In this manner, according to this embodiment, the vibration source is vibration-insulated from the optical system, so that misalignment of the optical system and other optical elements can be kept within an allowable range.

Note that the position detector 11 is not limited to the one shown in the embodiment, and any method may be used as long as it can detect the relative position between the gas laser tube 1 and the optical system 6. .

〔Effect of the invention〕

As explained above, according to the present invention, vibration isolation is achieved by the vibration source, the optical system, and the vibration absorption means in the gas laser device, so misalignment of the optical system and misalignment of the optical axis are suitably prevented, and The quality of laser light is less likely to deteriorate (shifting the center wavelength or changing the transverse mode),
Furthermore, not only the device configuration is simplified, but also the power and wavelength control are simplified, and other excellent effects are achieved.

[Brief explanation of drawings]

FIG. 1 is a schematic diagram showing an embodiment of the present invention, and FIGS. 2 and 3 are schematic diagrams of the prior art. DESCRIPTION OF SYMBOLS 1... Gas laser tube, 2... Fan, 3... Motor, 4... Heat exchanger, 5... Optical window, 6... Optical system, 7.10... Surface plate, 8... Anti-vibration rubber, 9...
floor, 11... position detection device, 20... air spring, 3
o...Air pressure controller Fig. 2 0 Fig. 1 Fig. 3

Claims (3)

[Claims] (1) An optical system for laser oscillation is fixed on a first surface plate, a second surface plate is fixed on this first surface plate via a vibration absorbing member, and further, an optical system for laser oscillation is fixed on the first surface plate.
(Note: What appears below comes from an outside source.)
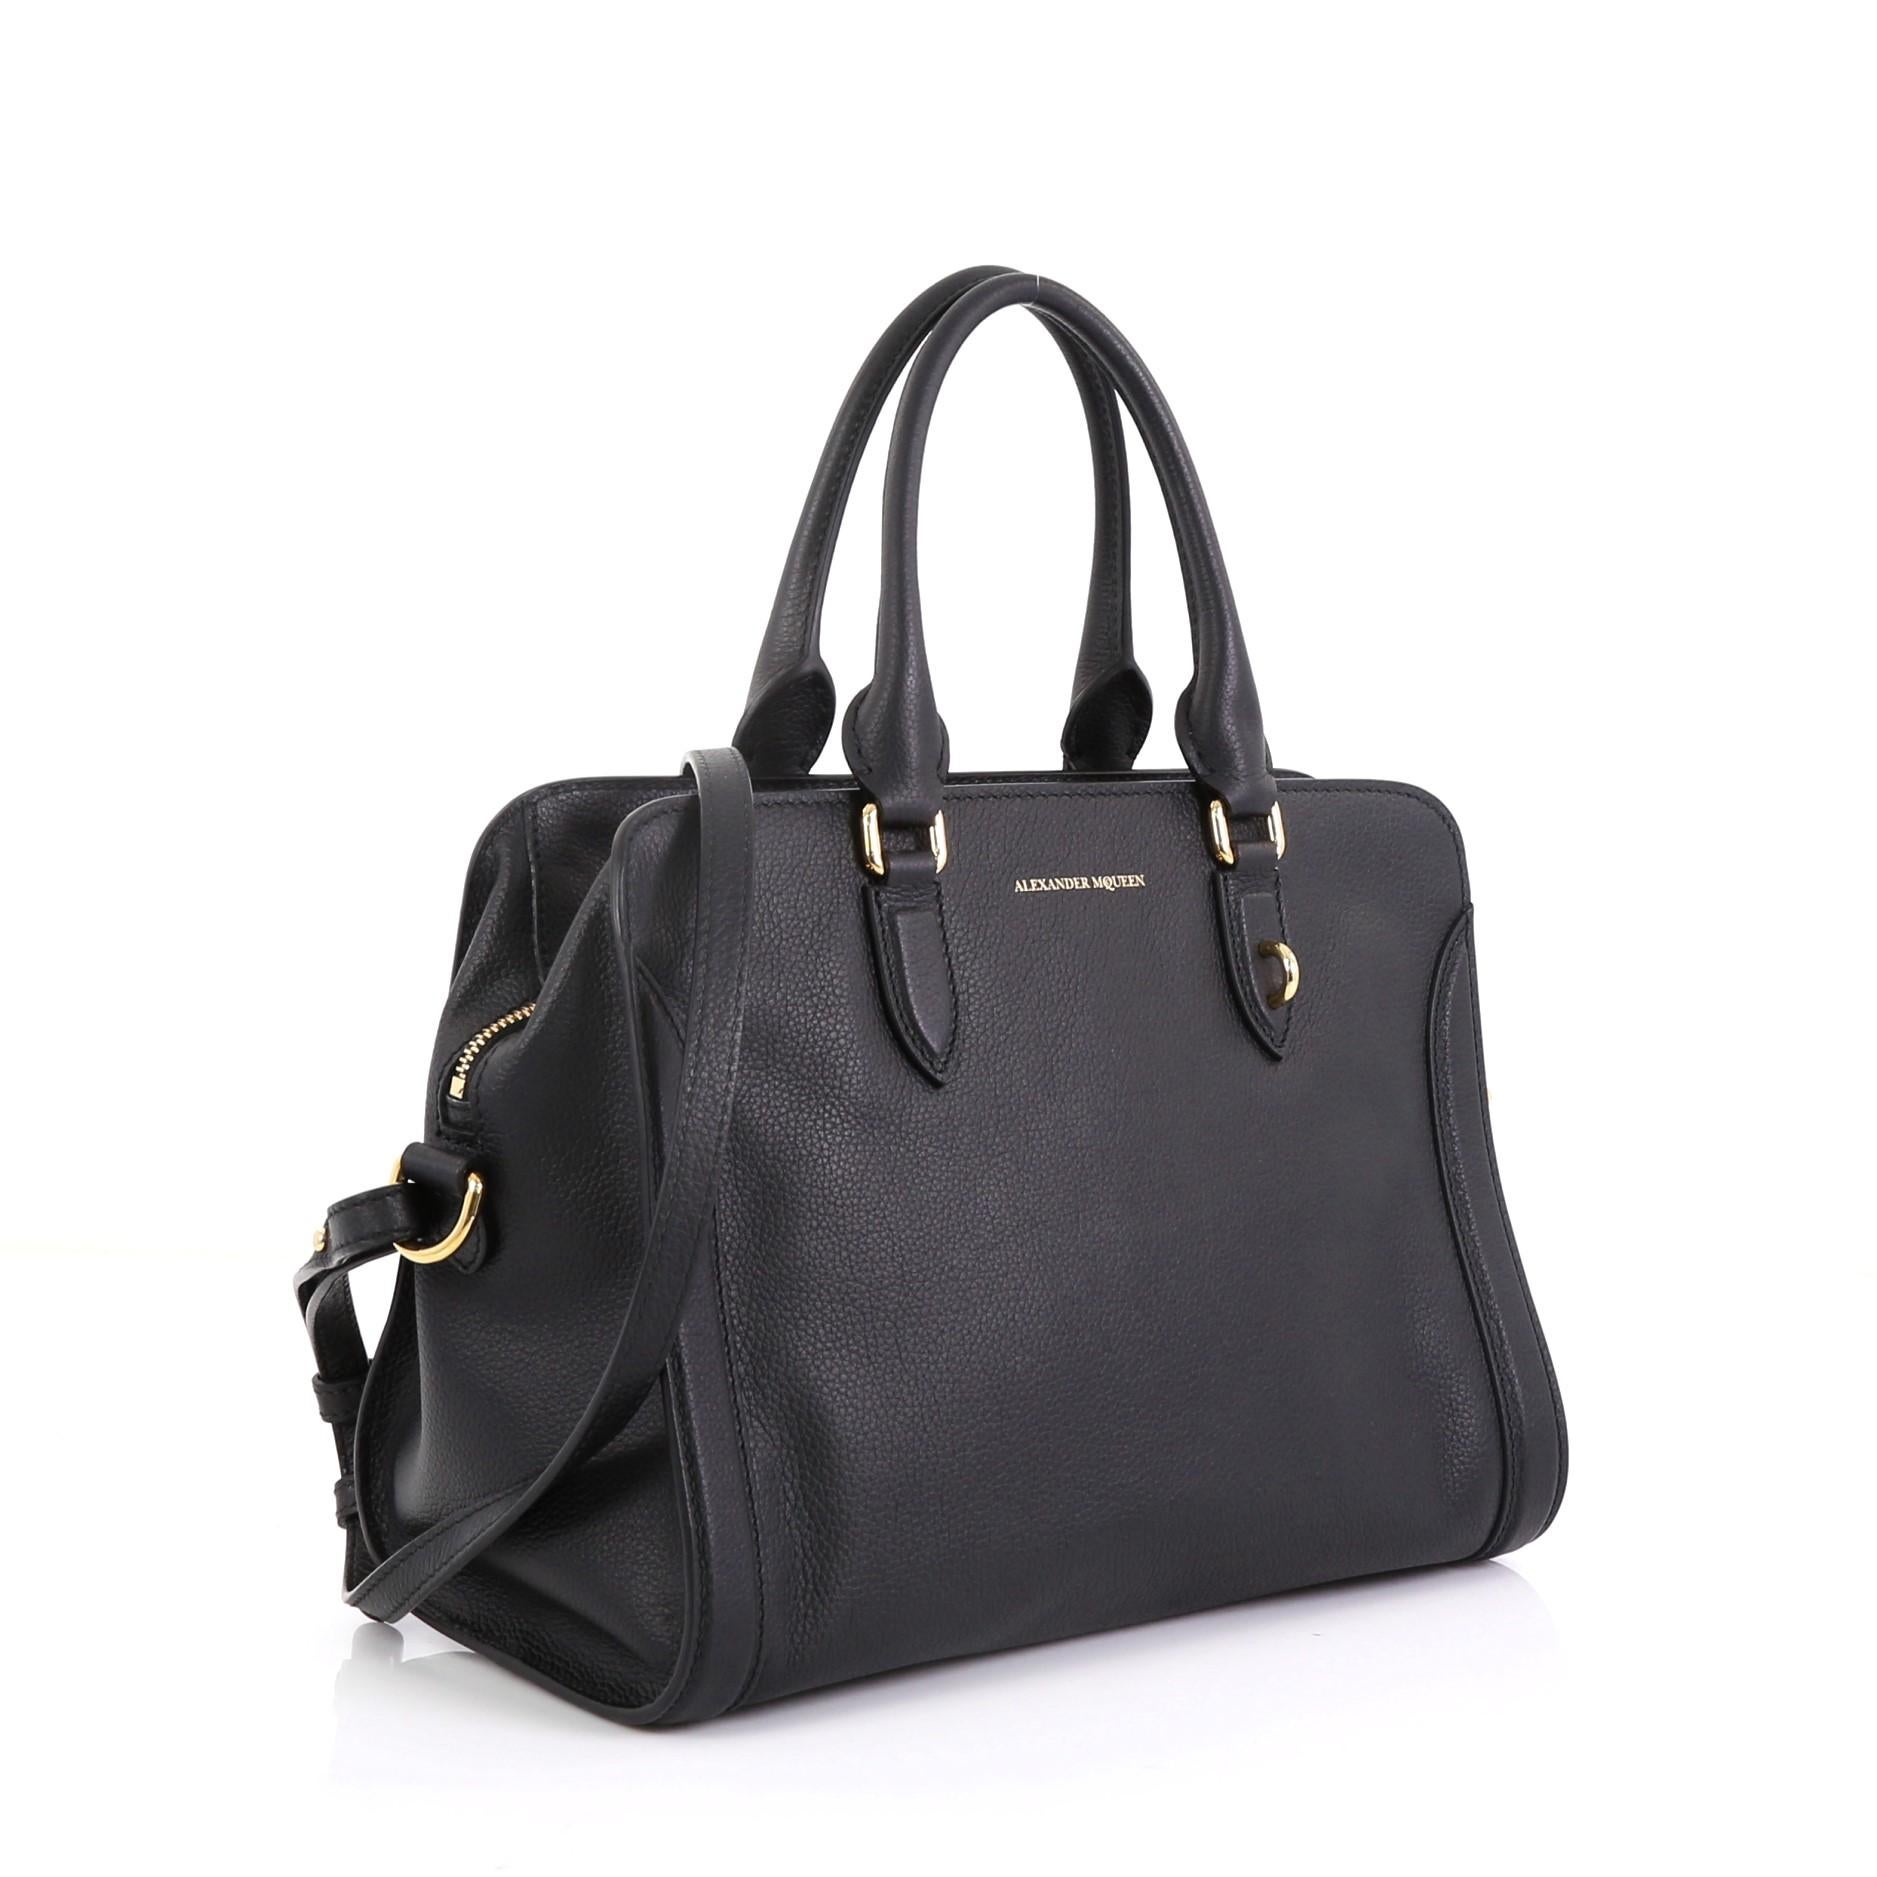 This Alexander McQueen Padlock Zip Around Tote Leather Small, crafted from black leather, features dual rolled handles and gold-tone hardware. Its zip-around closure opens to a black fabric interior with zip and slip pockets. 

Estimated Retail

A gas laser device characterized in that a gas laser tube having a built-in fan for circulating laser gas on a panel and a motor for driving the fan are fixed. (2) The gas laser device according to claim (1), wherein the vibrating member is an air spring. (3) a position detecting means for detecting the relative position between the gas laser tube on the second surface plate and the optical system on the first surface plate; and adjusting the air pressure of the air spring according to the output of the position detecting means. The gas laser device according to claim 2, further comprising: an air pressure adjusting means for adjusting.